Dahlai - 6 months ago 35

Python Question

I am wondering why in numpy there are one dimensional array of dimension (length, 1) and also one dimensional array of dimension (length, ) w/o a second value.

I am running into this quite frequently, e.g. when using

`np.concatenate()`

`reshape`

`hstack`

`vstack`

I can't think of a reason why this behavior is desirable. Can someone explain?

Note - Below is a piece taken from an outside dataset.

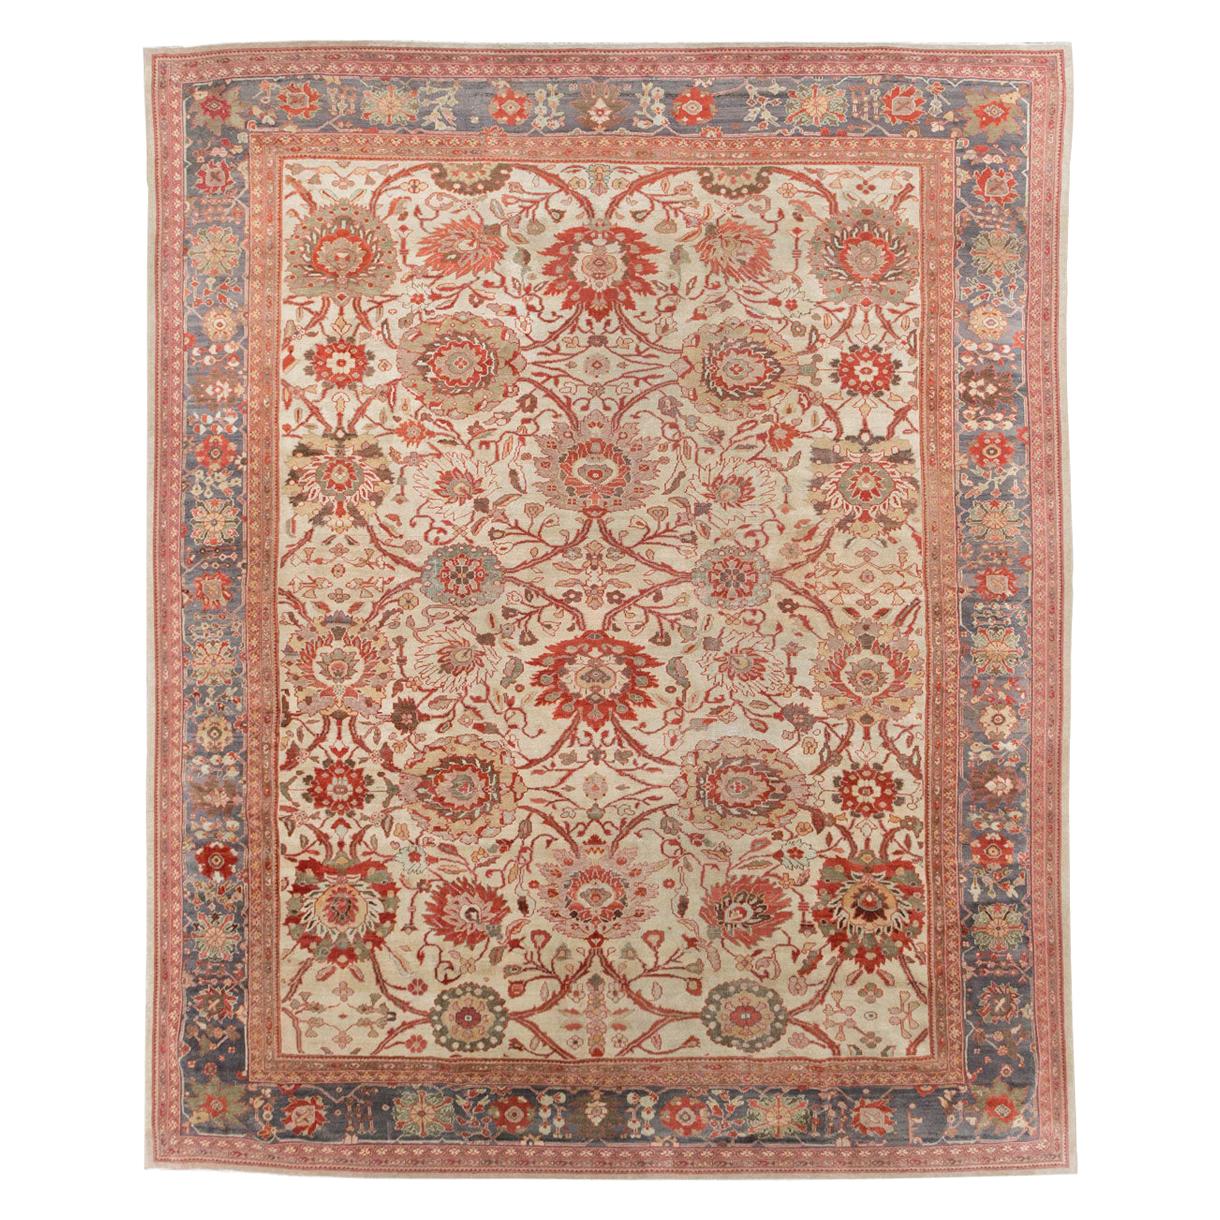 Early 20th Century Handmade Persian Sultanabad Large Carpet

It was suggested by on of the comments that my question is a possible duplicate. I am more interested in the underlying workings of Numpy and not that there is a distinction between 1d and 2d arrays which I think is the point of the mentioned thread.

Answer

The data of a `ndarray`

is stored as a 1d buffer - just a block of memory. The multidimensional nature of the array is produced by the `shape`

and `strides`

attributes, and the code that uses them.

The `numpy`

developers chose to allow for an arbitrary number of dimensions, so the shape and strides are represented as tuples of any length, including 0 and 1.

In contrast MATLAB was built around FORTRAN programs that were developed for matrix operations. In the early days everything in MATLAB was a 2d matrix. Around 2000 (v3.5) it was generalized to allow more than 2d, but never less. The `numpy`

`np.matrix`

still follows that old 2d MATLAB constraint.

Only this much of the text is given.